Freilich, der europäische Mensch empfindet diese Spannung als Nothstand; und es ist schon zwei Mal im grossen Stile versucht worden, den Bogen abzuspannen, einmal durch den Jesuitismus, zum zweiten Mal durch die demokratische Aufklärung:—als welche mit Hülfe der Pressfreiheit und des Zeitunglesens es in der That erreichen dürfte, dass der Geist sich selbst nicht mehr so leicht als “Noth” empfindet!

The Nietzsche Channel translates this as follows:

To be sure, European man experiences this tension as a state of distress; twice already attempts have been made in the grand style to slacken the bow, once by means of Jesuitism, the second time by means of the democratic Enlightenment:—which, with the aid of freedom of the press and newspaper-reading, might indeed bring it about that the spirit would no longer experience itself so easily as “distress”!

While there is more to say about the implications of Nietzsche’s discussion of the tightening and slackening of bows might have to do with Enlightenment and Counter-Enlightenment, for now it may be enough simply to note the pliability of the word Bogen. My chief interest, however, is with the peculiar diagram that Nietzsche drew to illustrate his account of cultural development: I’m not quite sure what to make of it.

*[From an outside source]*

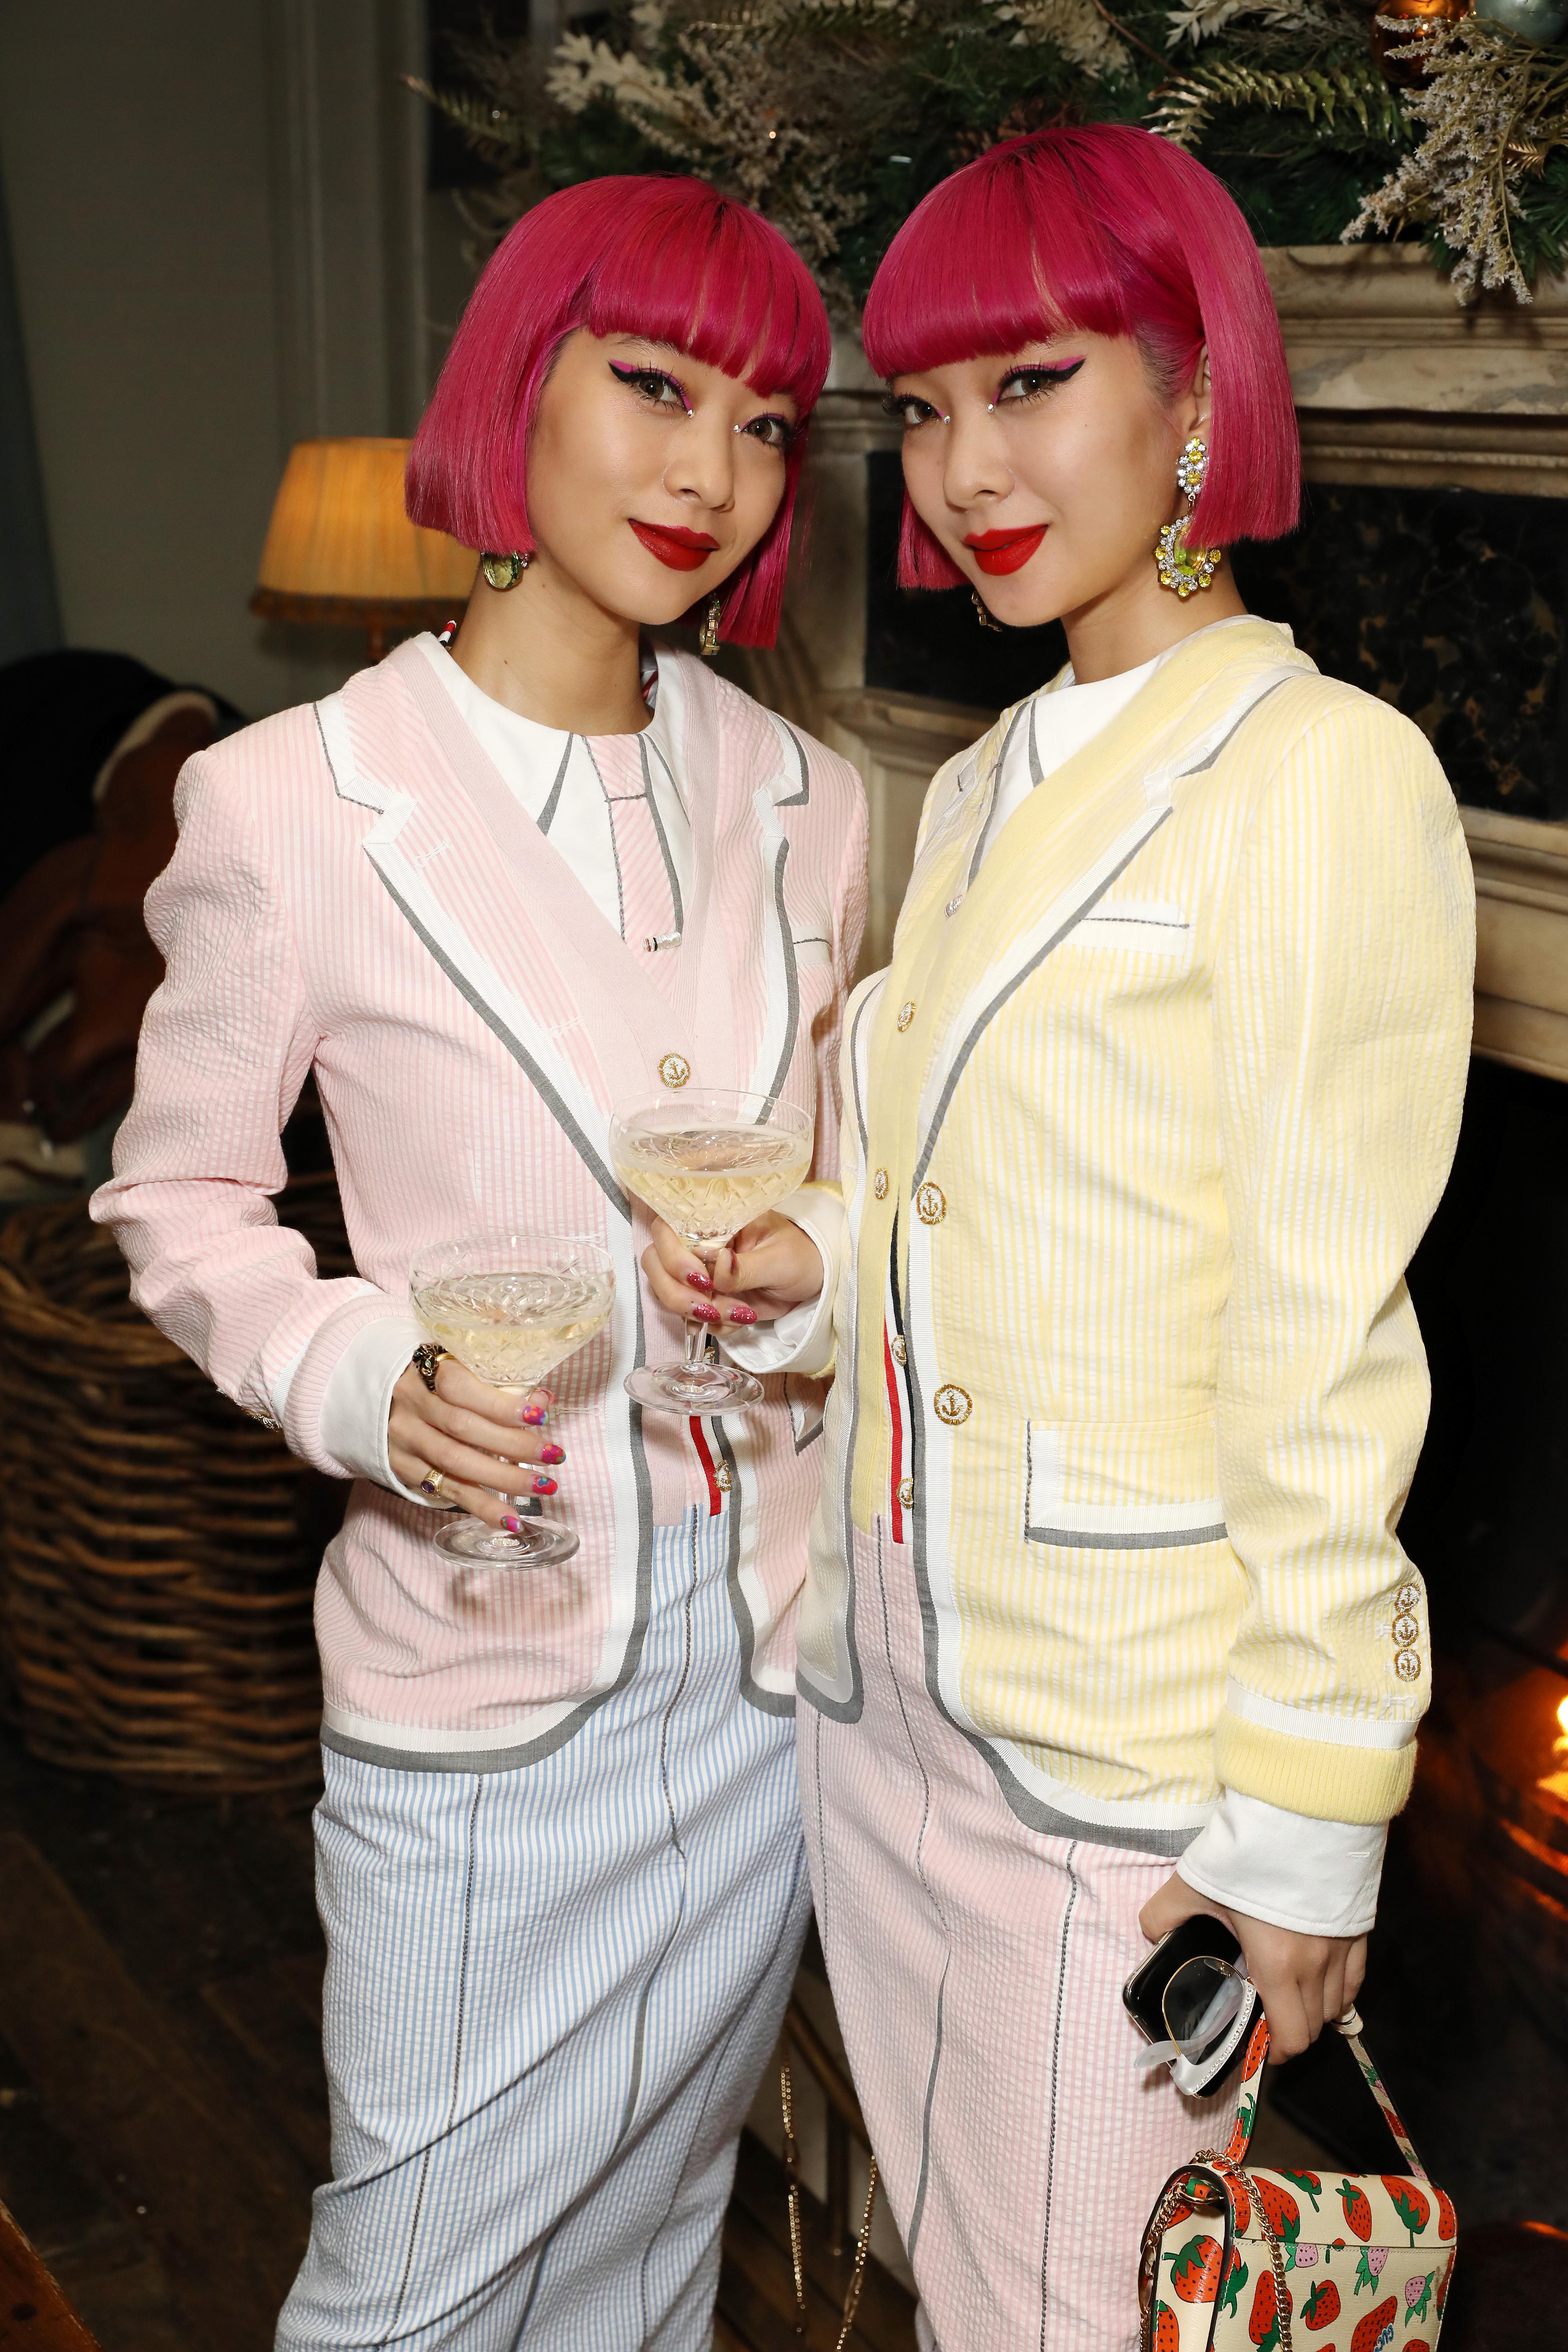 Japanese influencer Ami and Aya
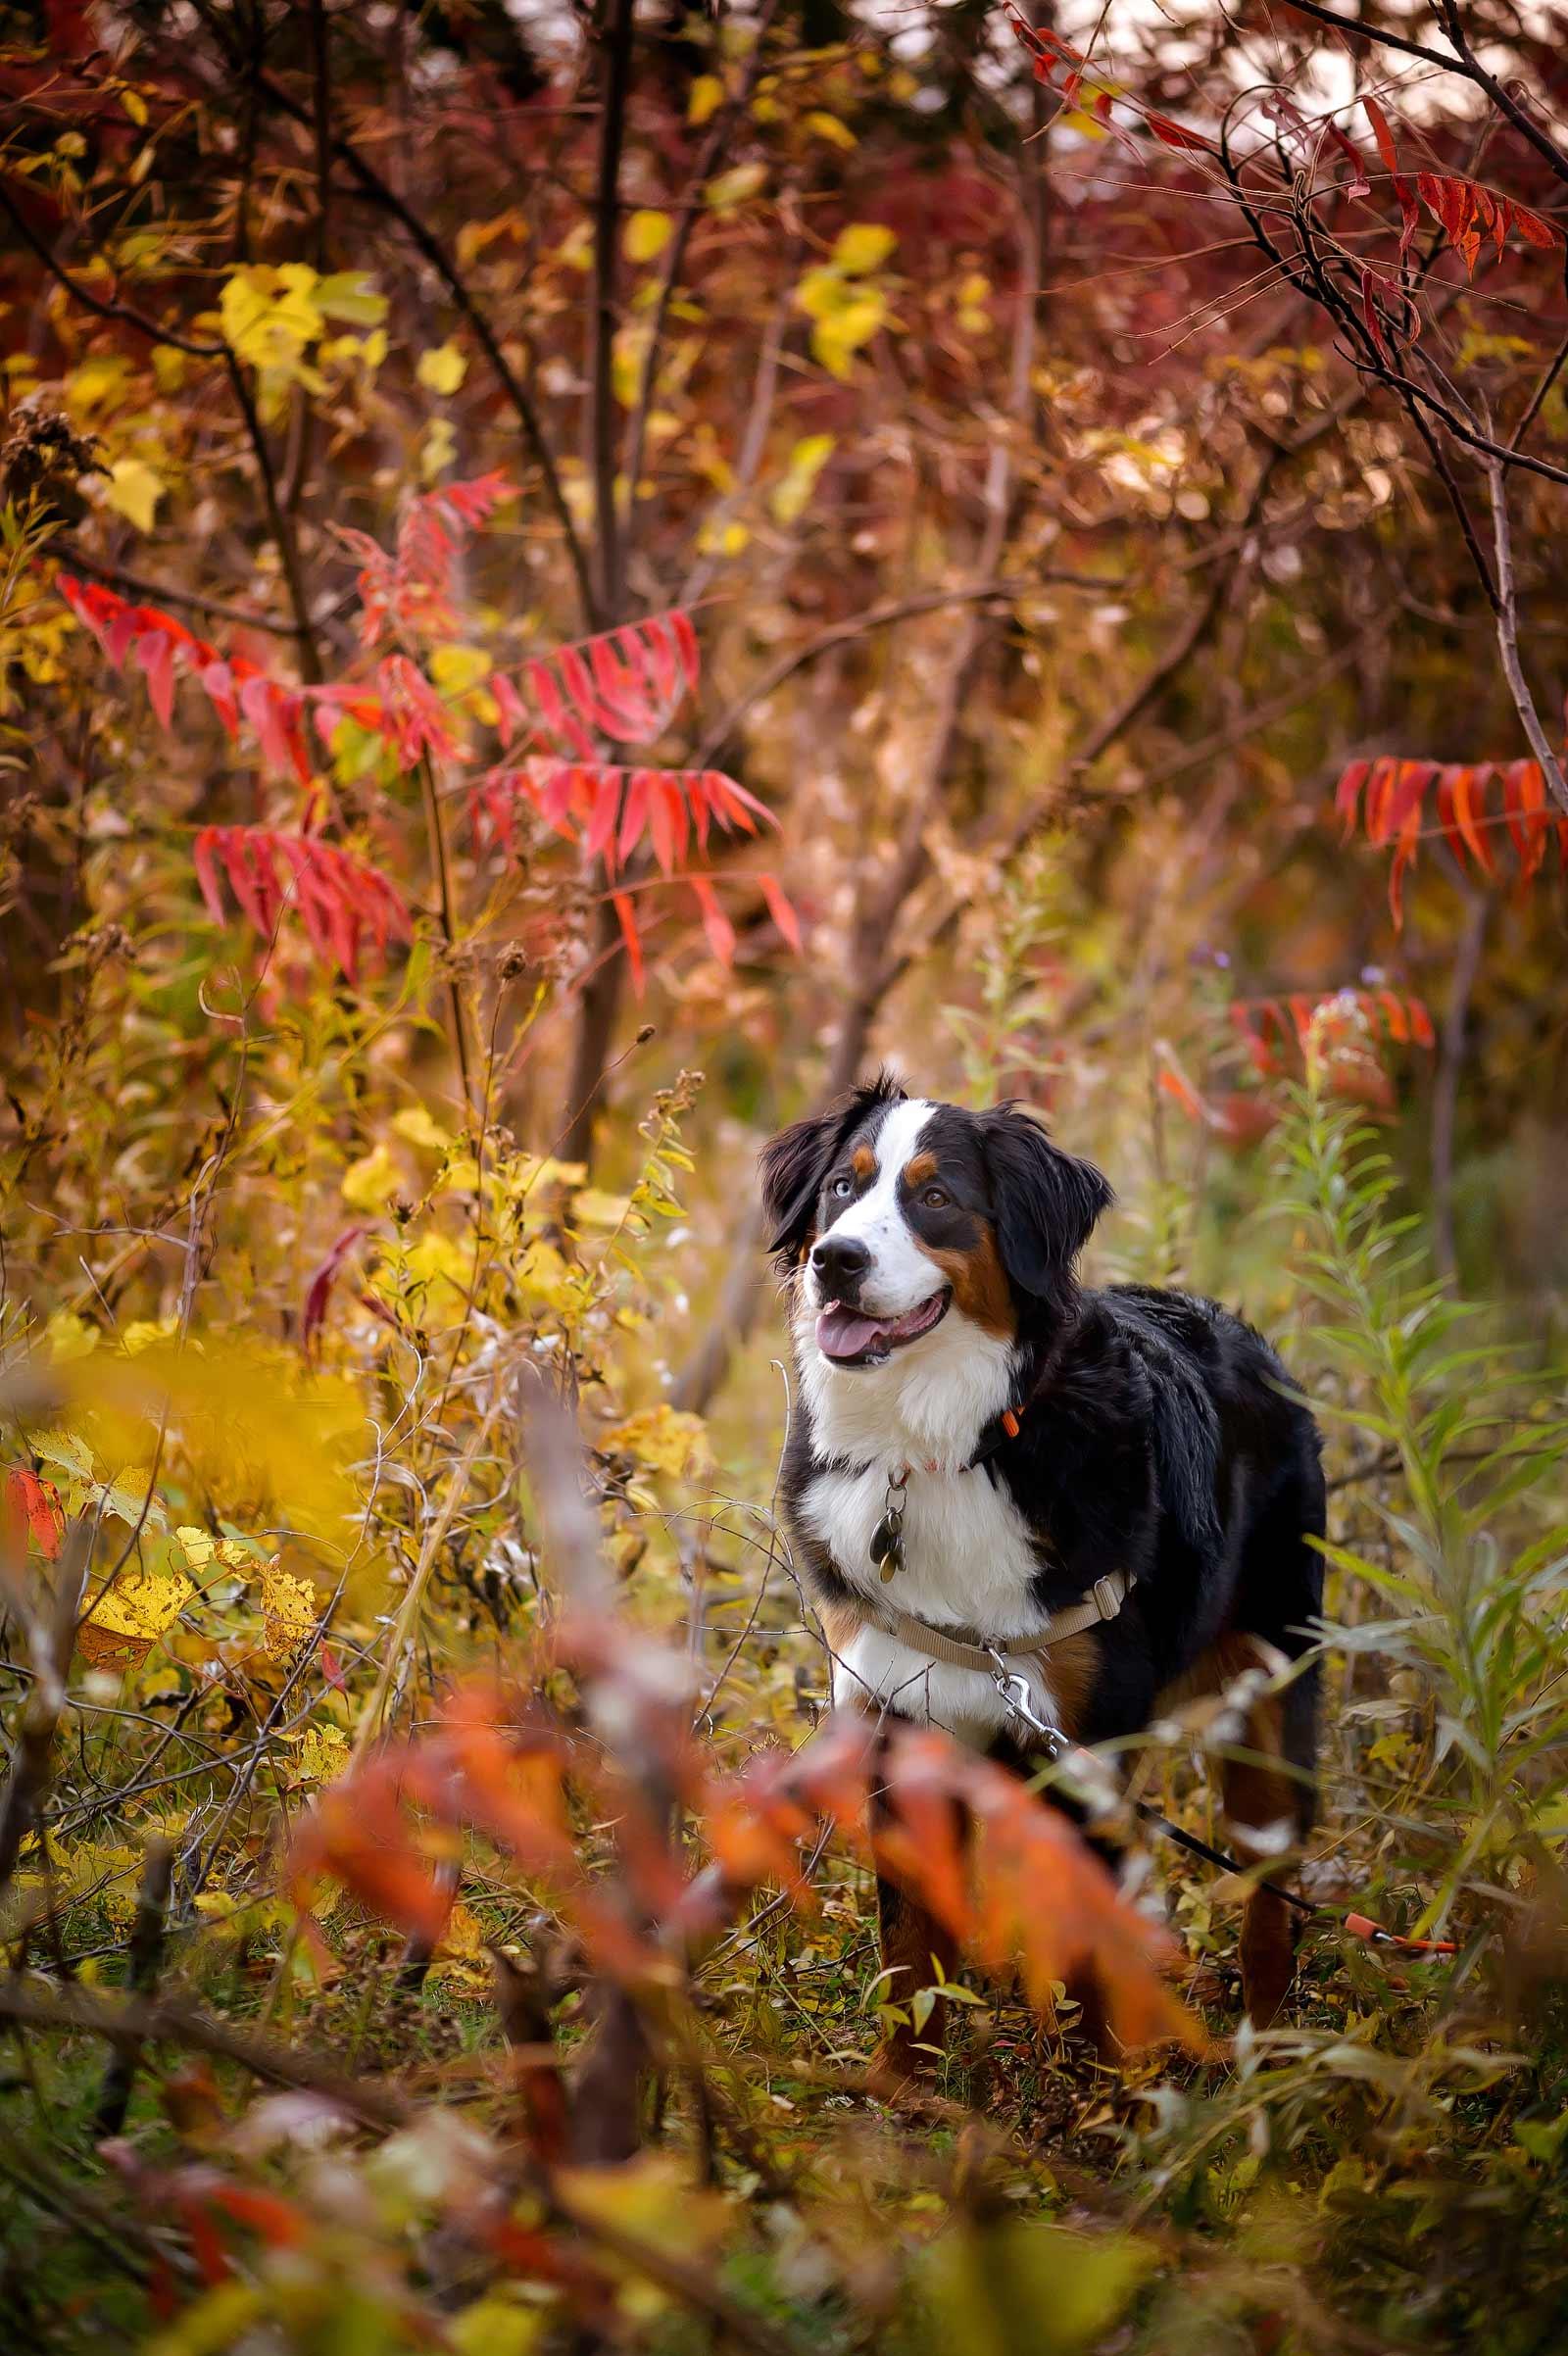 Ottawa Dog Photographer Princess Leia the Bernese mountain dog at Lemieux Island in the fall peeking through the trees

The text would lead us to expect that Nietzsche would go on to draw arcs contrasting the trajectory of Aufklärung and Gegen-Aufklärung (with the latter exemplified by Schopenhauer and Wagner). But that, it would appear, is not quite what he does: instead, we have a series of smaller arcs — the first of which is labelled  “Romantik” — and a broader, higher arc that is connected to the name “Wagner.”    As Nietzsche explains in the text underneath the drawing, the peaks of these smaller arcs approach (but do not reach) the peak of the larger arc.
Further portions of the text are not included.